The methods are associated with the type of the object (i.e. the class), they are not associate with the object, so they require no extra storage space on a per object basis. In fact, you can easily test it, just apply the sizeof() operator on a class with and without methods, both with the same data members. The sizes will be the same.

However, if you have virtual functions in your class, then the objects of that class will have to store a pointer to the virtual table (the virtual table is a simple per-class look-up table of function pointers for all the virtual methods). In this case (if you have one or more virtual functions), the objects will be one "pointer-size" bigger, which is usually negligible (the size of a pointer is usually the same as an "int", i.e. the natural word size of the computer, e.g. 32bits or 64bits).
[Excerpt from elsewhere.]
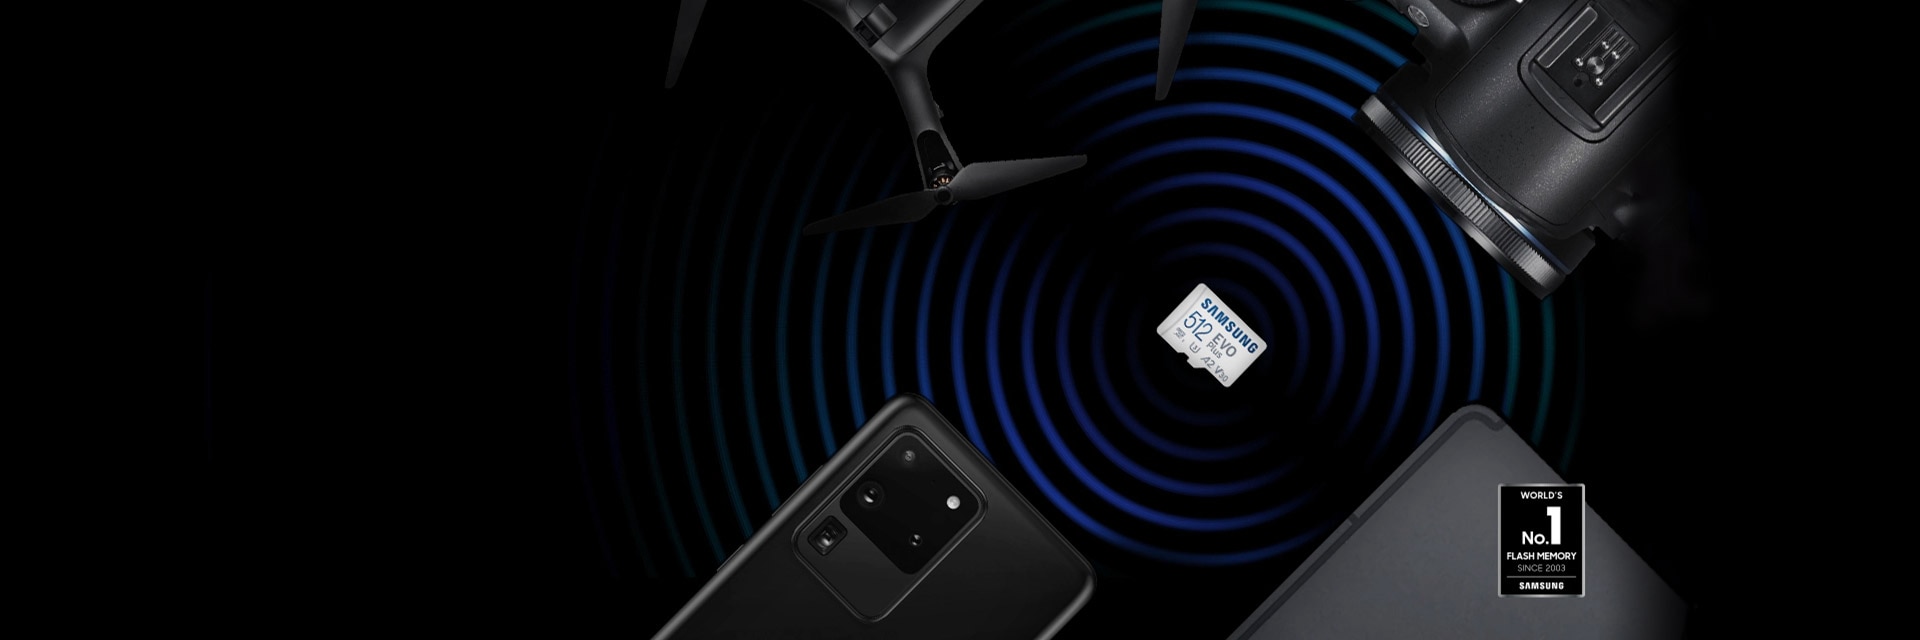 MicroSD EVO Plus (2021) | メモリーカード | 仕様と機能 | サムスン半導体日本

But in the example you showed, you have no virtual functions, so, no virtual table pointer, and thus, it doesn't make a difference.

You can try the following to see for yourself:

#include <iostream>

class A {
public:
   void DoSomething();
   void DoSomethingelse();
private:
   int x, y;
};

class B {
private:
    int x, y;
};

class C {
public:
   virtual void DoSomething();     //notice the 'virtual' here,
   virtual void DoSomethingelse(); // and here.
private:
   int x, y;
};

int main() {
  std::cout << "the size of A is " << sizeof(A) << std::endl;
  std::cout << "the size of B is " << sizeof(B) << std::endl;
  std::cout << "the size of C is " << sizeof(C) << std::endl;
  return 0;
};

On my computer it gives: 8 8 12. And that was expected!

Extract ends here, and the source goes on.